[DATASET CONTENT — start]
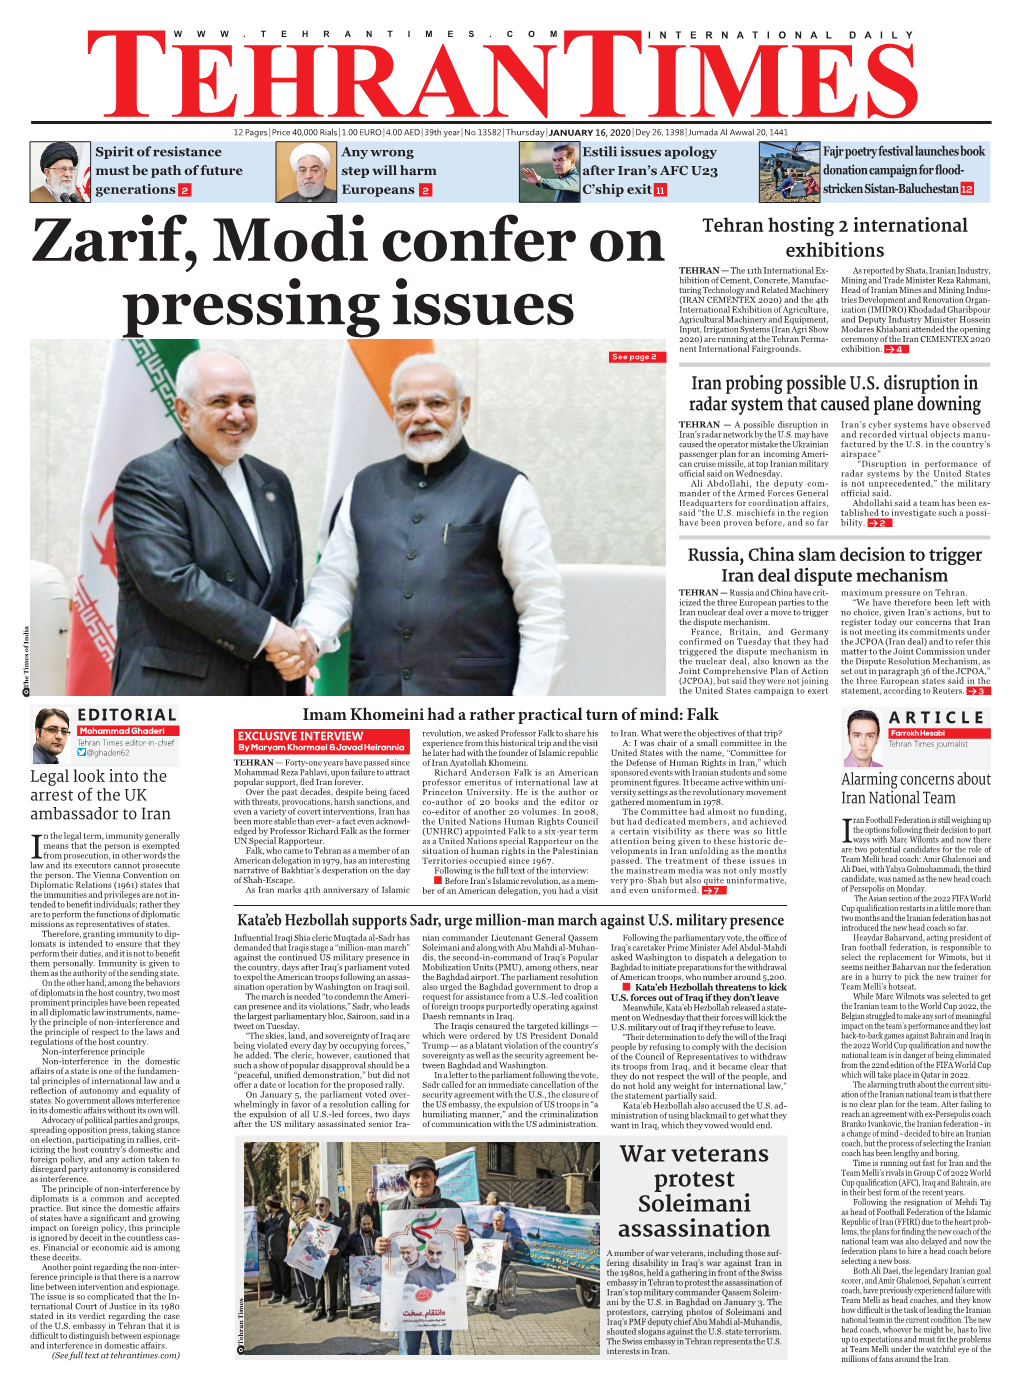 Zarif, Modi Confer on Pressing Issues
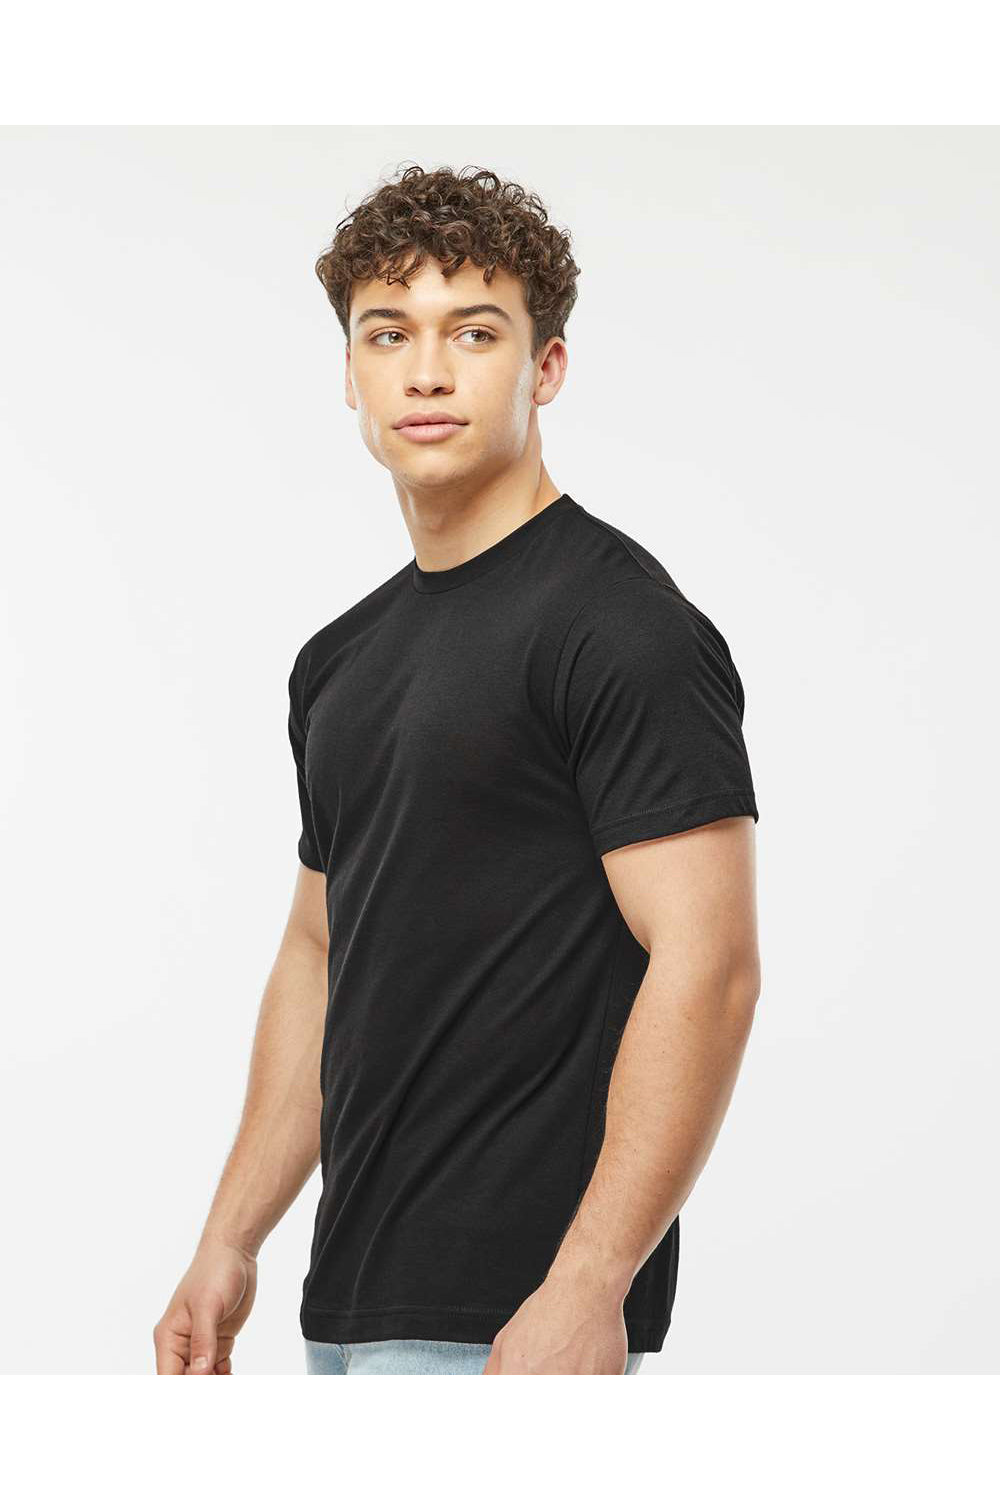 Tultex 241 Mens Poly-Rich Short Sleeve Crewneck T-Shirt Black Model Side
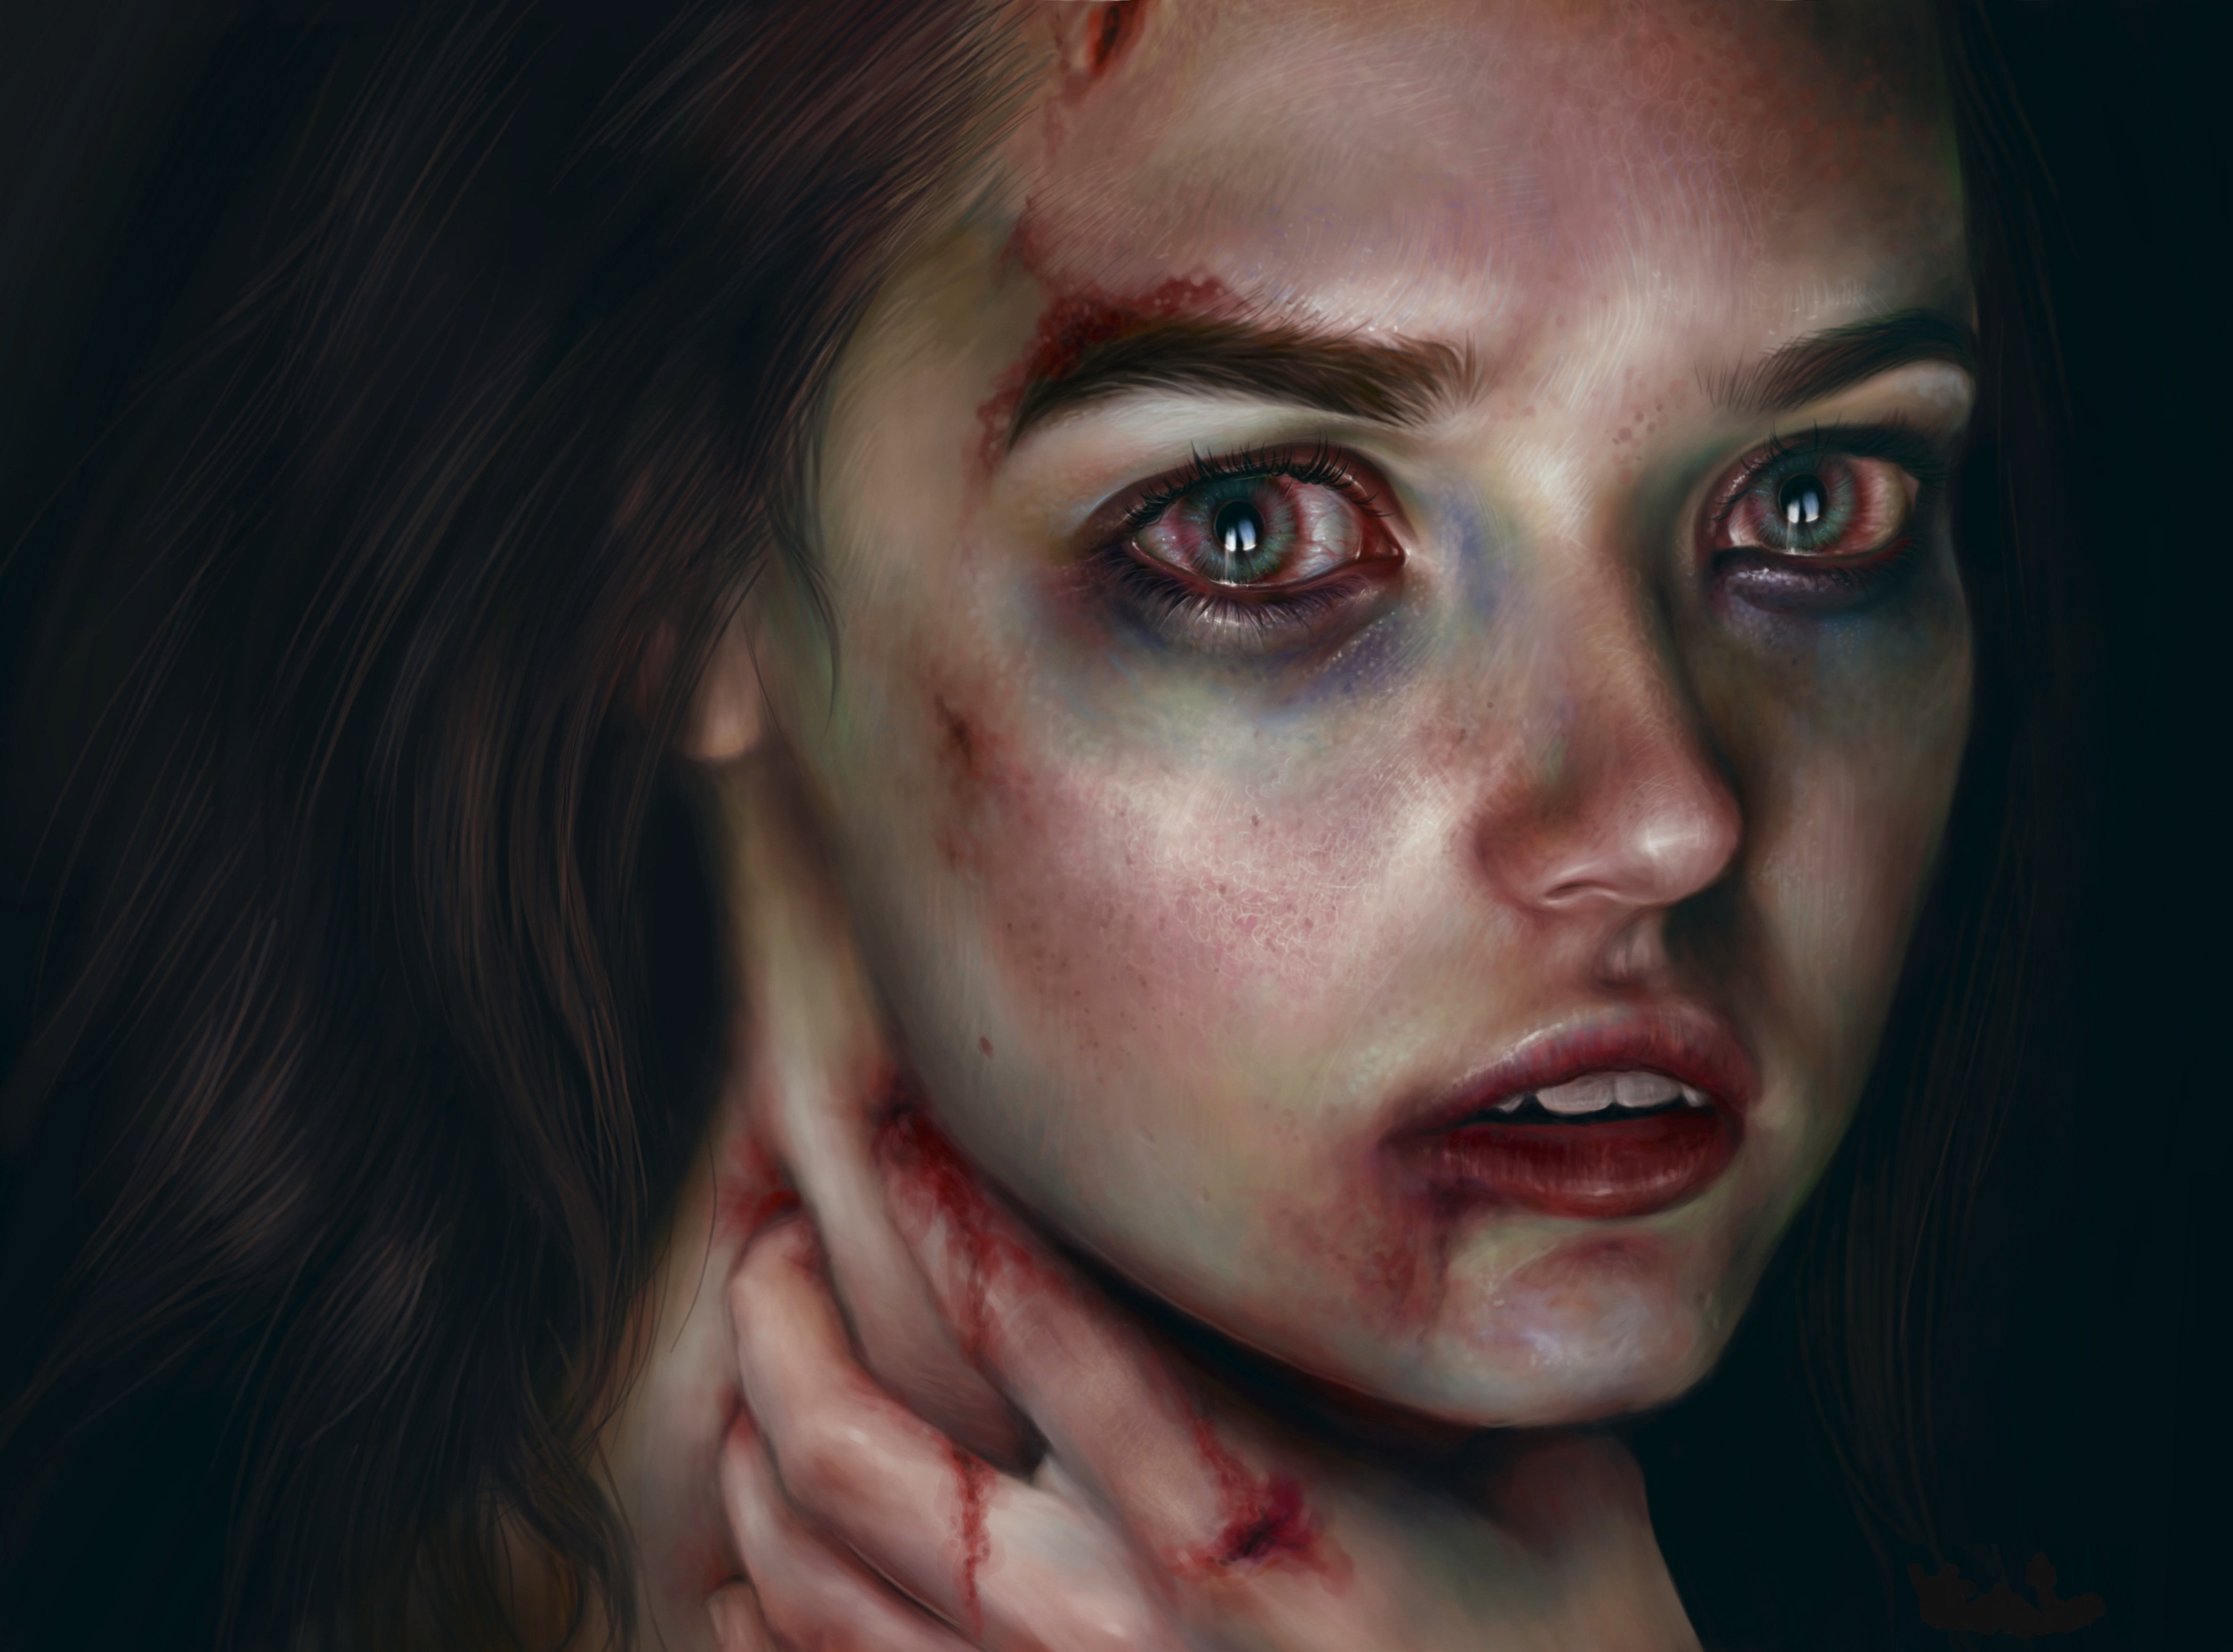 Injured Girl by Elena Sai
[DATASET CONTENT — finish]
## WHAT IS EXPECTED:
Please retype the data exactly. The pictures do not go in.

## WORKED SOLUTION:
 Zarif, Modi Confer on Pressing Issues
 Tultex 241 Mens Poly-Rich Short Sleeve Crewneck T-Shirt Black Model Side
 Injured Girl by Elena Sai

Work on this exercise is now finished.